Katie breathed a huge sigh of relief. Mel would have her; she knew it. It had been the right decision to come. She looked around her at the people shuffling in and out of the station, people of all races, genders, ages. They ignored her and went about their business. She pulled the hood of her sweatshirt over her head and hunched down lower, dragging her duffel closer to her. She blended right in with the other teenagers, those who should have been in school as well. She wondered who they were, if they were as lost and lonely as she was.
“I came up on the train. I’m right at China Basin, over by the ballpark. I can wait here if you need me to. Tell Gloria to take her time.”
“She’ll be there soon. Just wait right out front; don’t go anywhere else, okay? Just wait right there.” Mel hesitated, fiercely protective and having little understanding of what kind of shape Katie was really in. The last time she’d seen her had been a few days before she was due to go home. She had seemed eager then, ready to go at last. And she seemed strong. Strong enough to get through what was ahead of her. But this Katie, the one who had called from the train station, was different. Clearly something had happened, otherwise why would she be here?
“I’ll be fine, Mel.”
All things considered, Melanie wasn’t so sure.
The agreement that Cara and Katie had struck was that Katie would be allowed to stay home afternoons on her own so long as she called Cara as soon as she got home.

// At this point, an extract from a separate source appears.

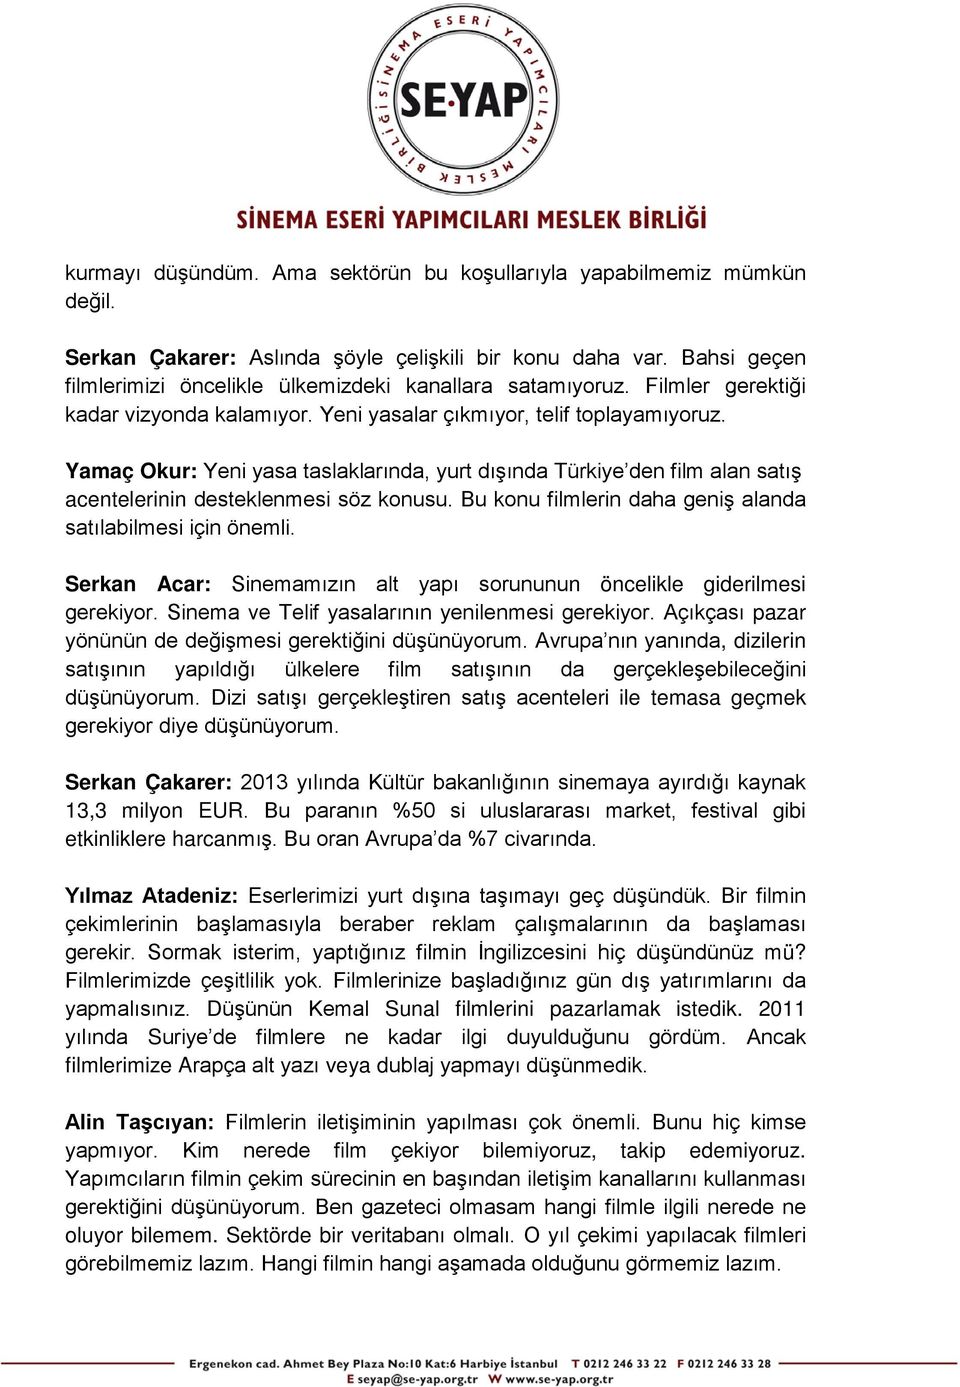 Yamaç Okur: Yeni yasa taslaklarında, yurt dışında Türkiye den film alan satış acentelerinin desteklenmesi söz konusu. Bu konu filmlerin daha geniş alanda satılabilmesi için önemli.

No friends, no car, and absolutely no drinking, but it was a first step in regaining her freedom; the first step in repairing the damaged trust.
When Cara hadn’t heard from her daughter by three o’clock—their daily check-in time—she called home. When Katie hadn’t returned the call fifteen minutes later, she called again. Then she left a voice mail on Katie’s cell phone. By half past the hour, in the middle of an input session for a new client, her mind was wandering. At four o’clock, she panicked, excused herself and drove straight home, alternately calling the home number, Katie’s cell phone and a multitude of Jack’s numbers—office, cell, home—all of which led to one voice mail box after another. Cara frantically tried to re-create the conversation she’d had with Katie that morning. Had she for
gotten a commitment? Was her daughter at school? Working on a special assignment somewhere? Had she given her permission to do something after school and forgotten about it? And if so, why the hell wasn’t she answering her cell phone?

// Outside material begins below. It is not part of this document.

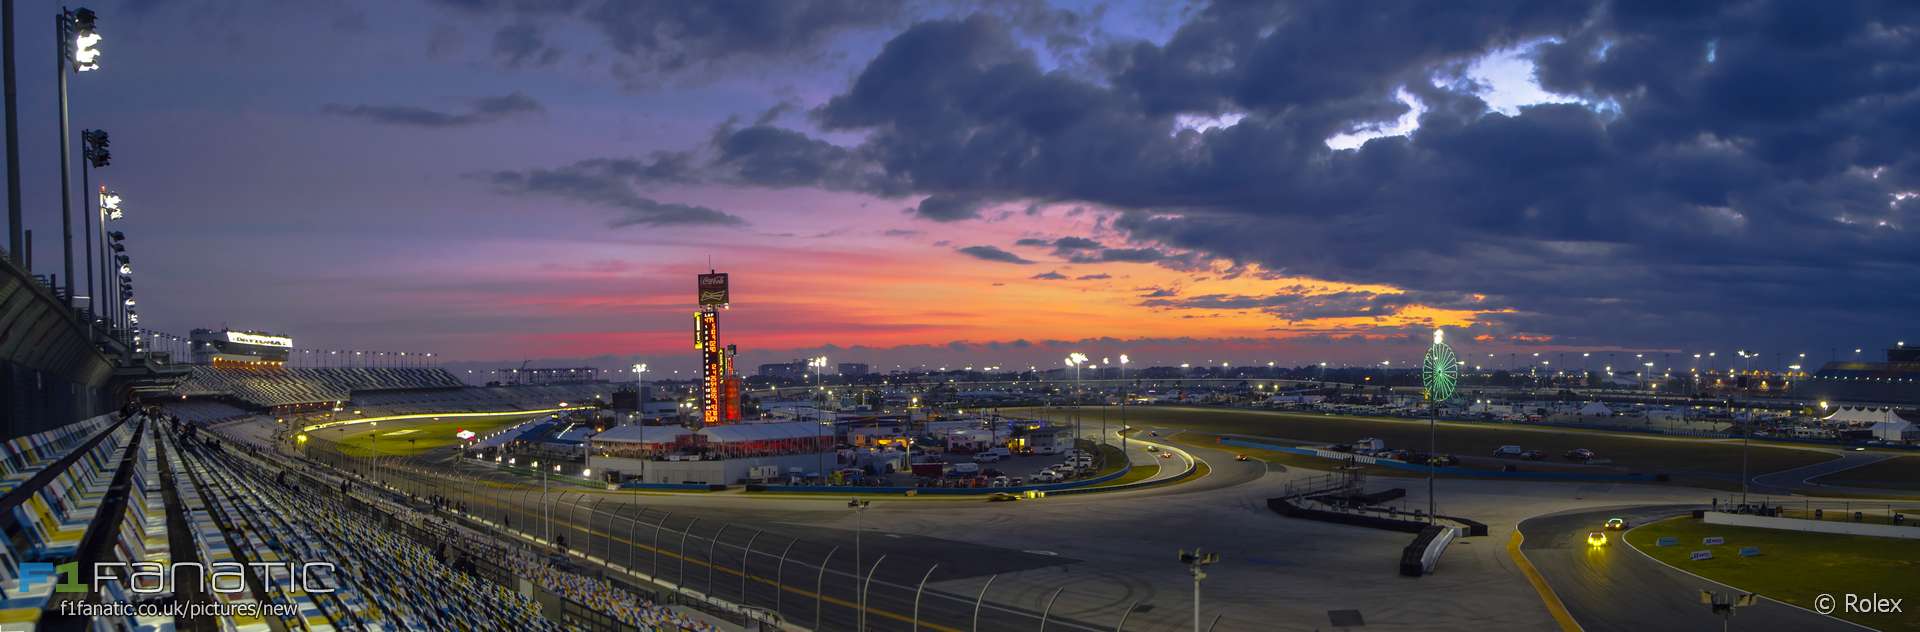 Daytona International Speedway, 2018

By dinnertime, panic had given way to horror. Katie was gone. Her closet and drawers had been emptied of her favorite outfits; her favorite stuffed animal—an old, ratty pink pig—was not in its normal spot on her pillow. Her toothbrush and comb and blow dryer had disappeared. Without a doubt, Katie was gone.

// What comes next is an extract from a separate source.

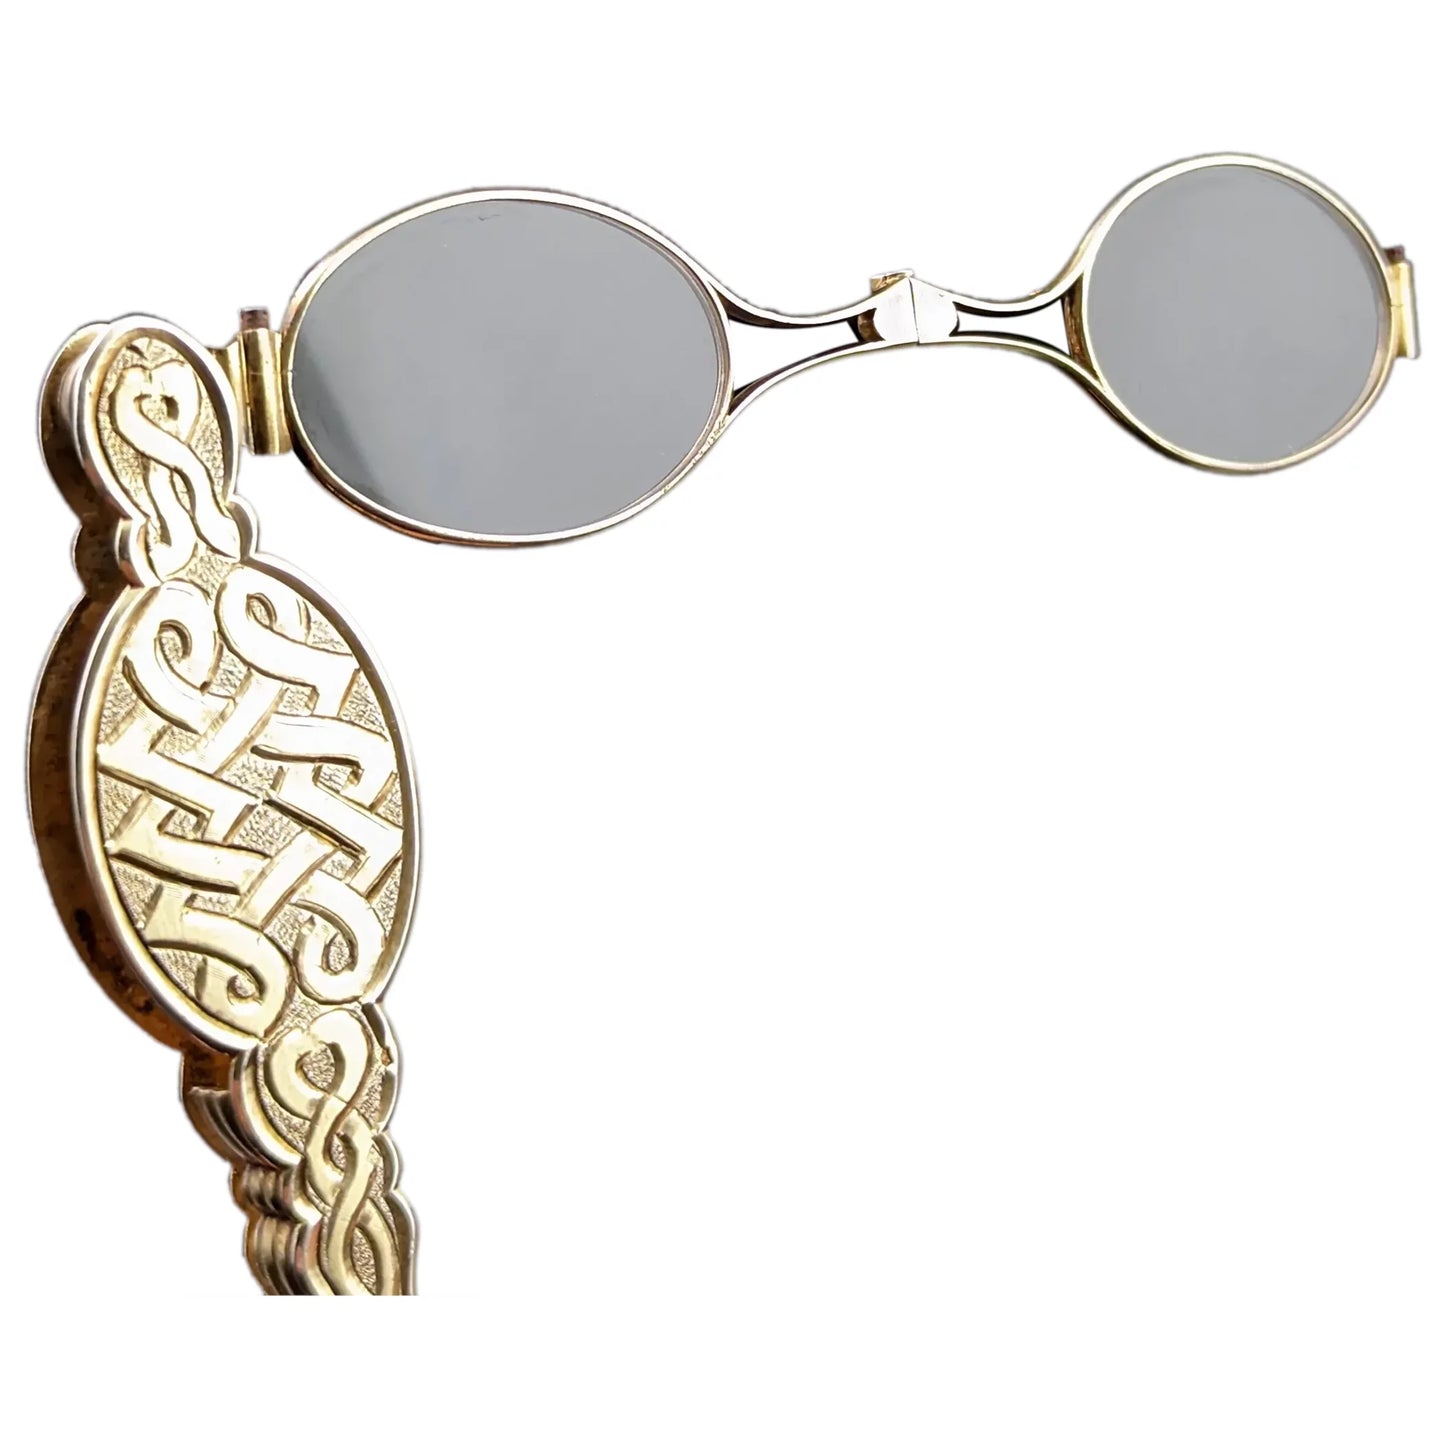 Antique French silver gilt lorgnettes, spectacles, Art Nouveau

Cara called Jack again, frenzied. He answered on the second ring, agitation seeping into his voice. “I’ve been in a meeting all afternoon, Cara. What in God’s name is so damn important that you have to call my cell phone every half hour?”
“You mean you knew I was calling and you couldn’t pick up the goddamn phone?” she screamed at him. “You’ve got to be kidding me, Jack?”
“What is so important?”
“Katie’s gone. I have no idea where she is but she’s gone. Her duffel and backpack aren’t here and she’s taken some of her favorite things.”
“Gone where?”
“Goddamn it, Jack, do you think I’d be calling you if I had any idea where our daughter was? I have no fucking idea. Do you know where she is? Has she called you?”
“No, Cara, you couldn’t possibly think that she’d be with me. She isn’t even speaking to me.”
Cara wanted to scream at him. And whose fault is that?
“So you have no idea where she’s gone? No idea whatsoever?” Cara asked.
“No, Cara. I don’t know where she is. Have you called her friends’ houses? She’s probably just spending the night somewhere and forgot to tell you.”